Set down exactly the lines in the records below that run from the line with "Example of a" to the line with "Finally it is", inclusive, and nothing more.

## [Given entries]
•••

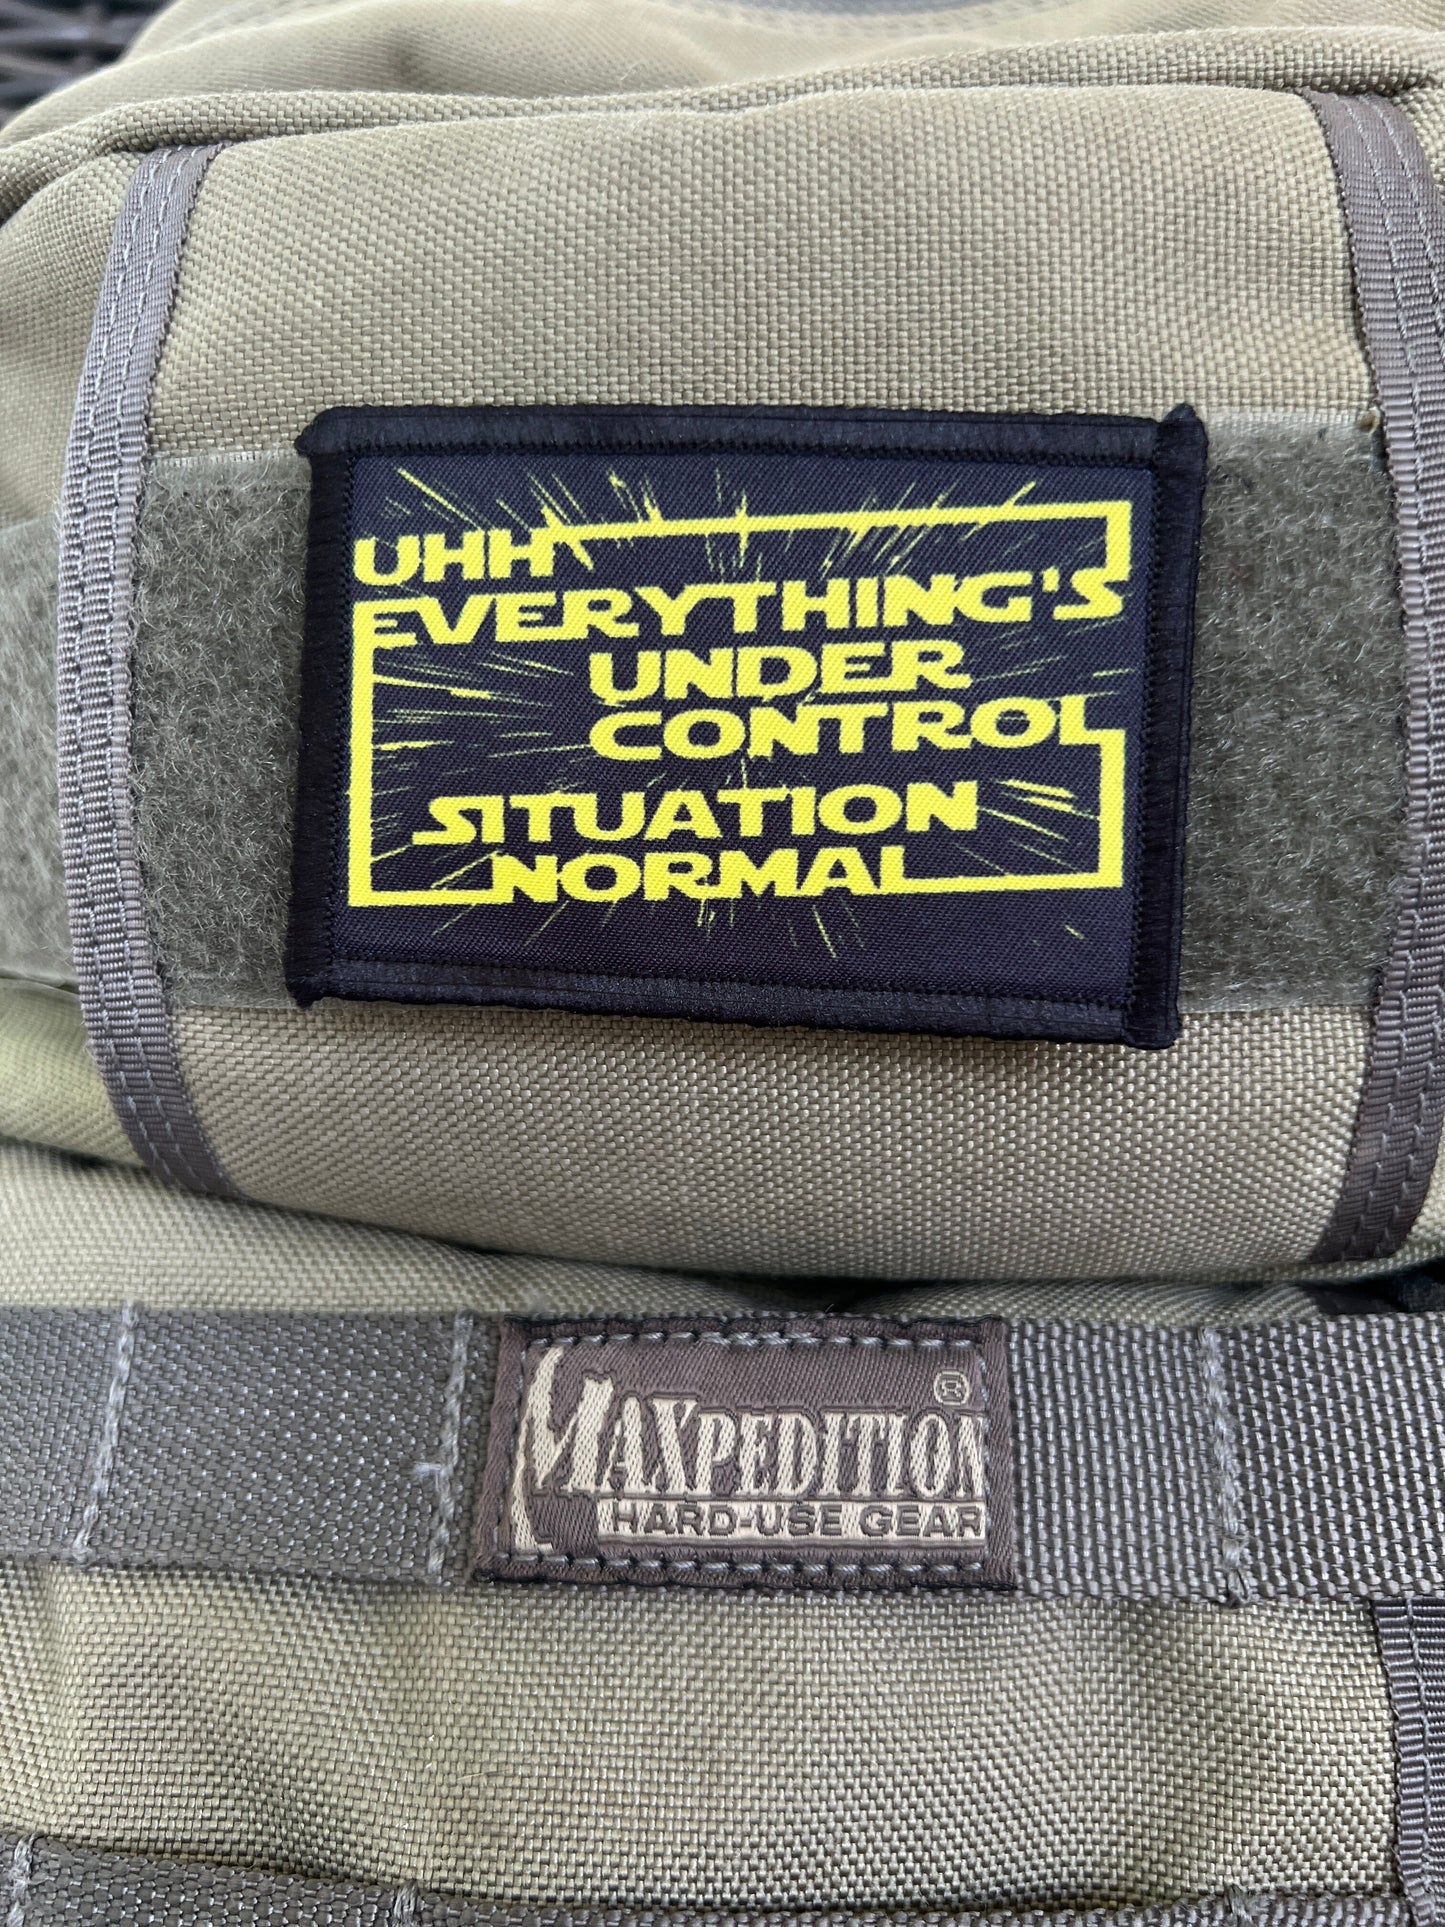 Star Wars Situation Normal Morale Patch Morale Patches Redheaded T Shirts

•••

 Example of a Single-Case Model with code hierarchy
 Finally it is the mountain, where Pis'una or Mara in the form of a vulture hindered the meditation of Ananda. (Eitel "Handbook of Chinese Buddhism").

•••

## [Solution to this problem]
 Example of a Single-Case Model with code hierarchy
 Finally it is the mountain, where Pis'una or Mara in the form of a vulture hindered the meditation of Ananda. (Eitel "Handbook of Chinese Buddhism").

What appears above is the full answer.